Spannende Beispiele für Forschungsprojekte?
Da sollen nur ein paar Beispiele genügen, die alle zeigen, wie wichtig, wie faszinierend und wie anspruchsvoll das Credo „Generationenperspektive“ ist:
- Der Lebenslauf gerät in den Blick, wenn etwa in einem DORE-Projekt zu Pflegekindern gefragt wird, was die Pflegeeltern zur Bewältigung von Statuspassagen im biografischen Verlauf beitragen.
- In einem binationalen F+E-Projekt „InnoWo“ eht es um das Thema „zuhause wohnen bleiben bis zuletzt“ – die systematische Suche danach, wie es gelingen kann, dass selbst stark Demenzerkrankte ohne eigenes soziales Netz bis zuletzt in der eigenen Häuslichkeit verbleiben können und auch nicht mit beim Oberschenkelhalsbruch am Heiligabend ins Heim müssen.
- Dazu passt ein weiteres Doppel-Projekt: nach einem jahrelangen ziemlich perfekten Ausbau der sozialen Dienste wird in einer grösseren Stadt systematisch versucht, den Wechsel „von der Versorgungs- zur Mitwirkungsgesellschaft“ einzuleiten und auszuloten, wie sich alle Generationen der Quartierbevölkerung, Verwaltung, Dienste und Politik dabei einbringen.Verknüpft wird hier ein Quartiersprojekt mit der Neuausrichtung der Strategie der Alter(n)splanung.

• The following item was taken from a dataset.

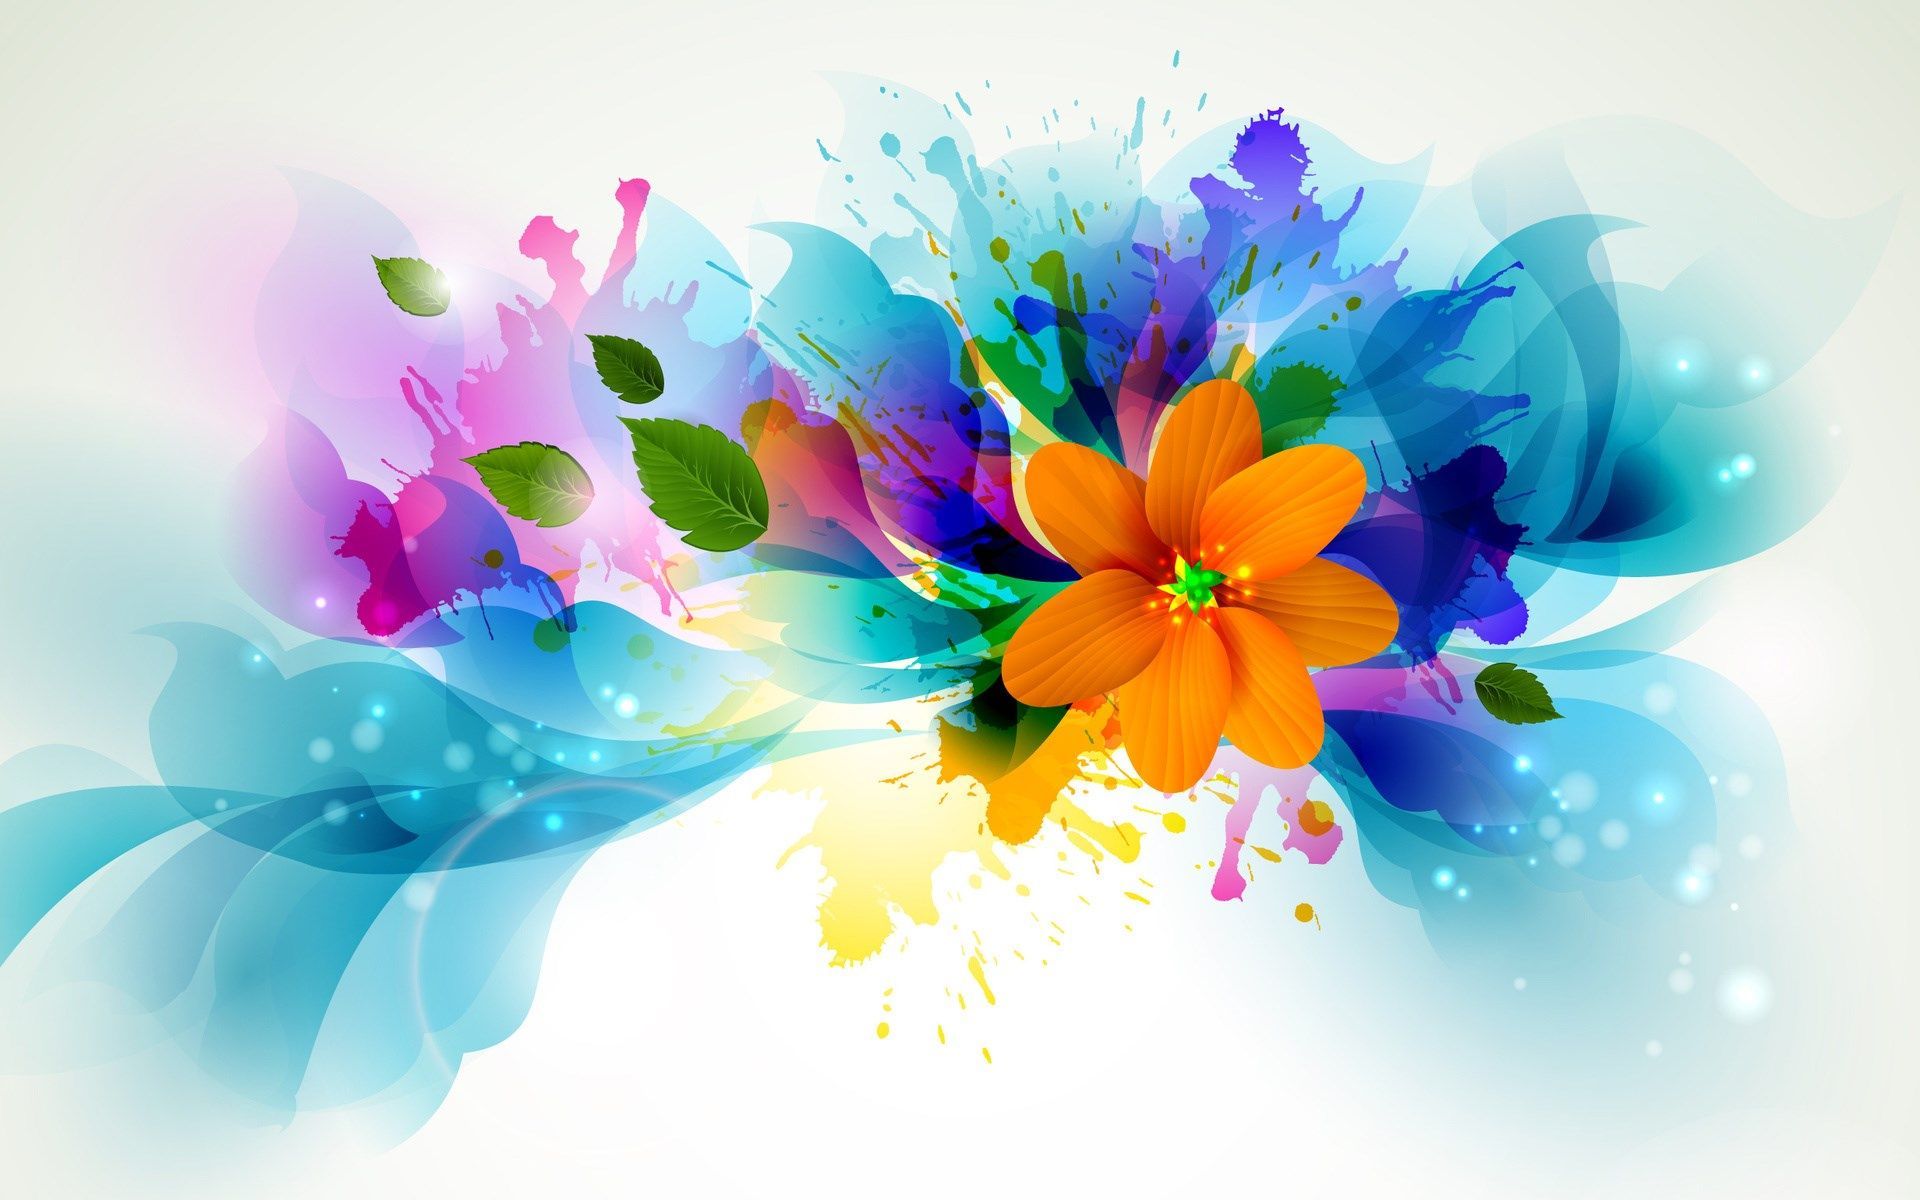 Bright Colorful Abstract Wallpapers

- Und in Projekten zu generationenübergreifendem Wohnen sehen wir eine Art Experimentallabor für zukunftsträchtige Vergemeinschaftungsformen, mitten drin in der Gesellschaft. Wir suchen dabei ebenso nach einer Art Hebammenstruktur für diese oft „schweren Geburten“ (Projekt einer Förderagentur für innovatives Wohnen) wie wir sie gründlich wissenschaftlich untersuchen – am besten teilweise in Formen, die selbst noch als Stärkung erlebt werden.
- In gleich mehreren Projektvorhaben steht schliesslich ganz aktuell das Thema Ambient Assisted Living auf der Tagesordnung – die technikunterstützte Lebenswelt für ein längeres autonomes Leben Älterer. Anders als in immer noch vielen sehr technikorientierten AAL-Projekten versuchen wir dabei Assistenz integrierter neu ausbuchstabieren, partizipativ, lebensweltgebunden, im Verein mit sozialer Assistenz.

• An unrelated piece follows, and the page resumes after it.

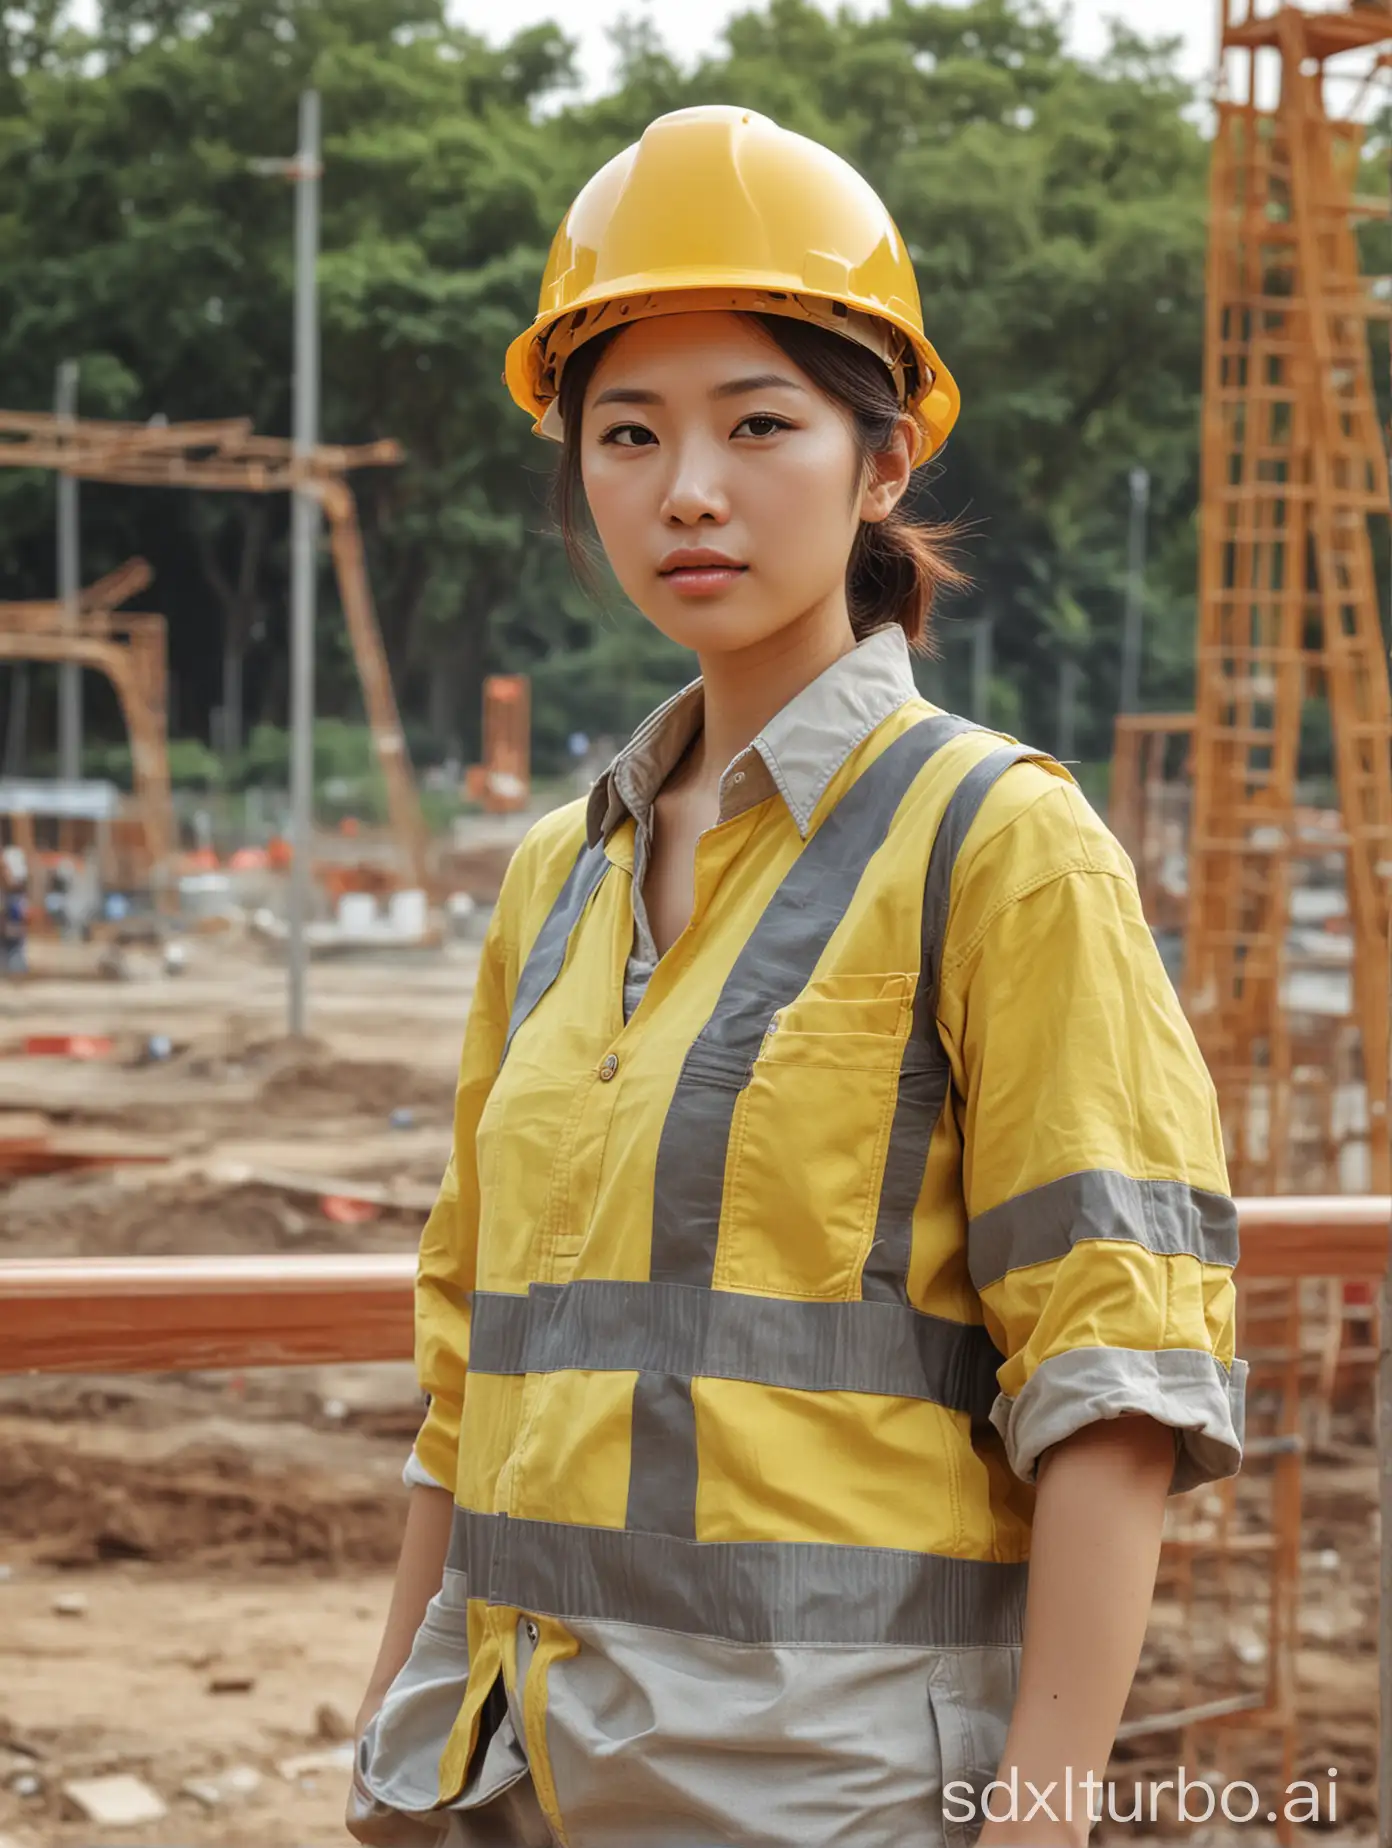 construction site worker's mid-shot, background is park construction site, figure must wear safety helmet, wearing safety clothes, included a Asian person with yellow skin full body appearance

Wir halten es für eine sehr zukunftsträchtige Perspektive: den interdisziplinären Blick einer Generationenperspektive auf integrierte Phänomene, und hier immer wieder auf deren lokale und sozialräumliche Gestalt und Entwicklungsmöglichkeiten. In immer mehr Projekten beteiligen wir uns daran, entsprechende nachhaltige Konzepte und Modelle in die Tat umzusetzen und zu erproben. Und wissenschaftlich können wir immer eindrucksvoller belegen, wie sehr sich die Investition in tragfähige Generationenverhältnisse lohnt!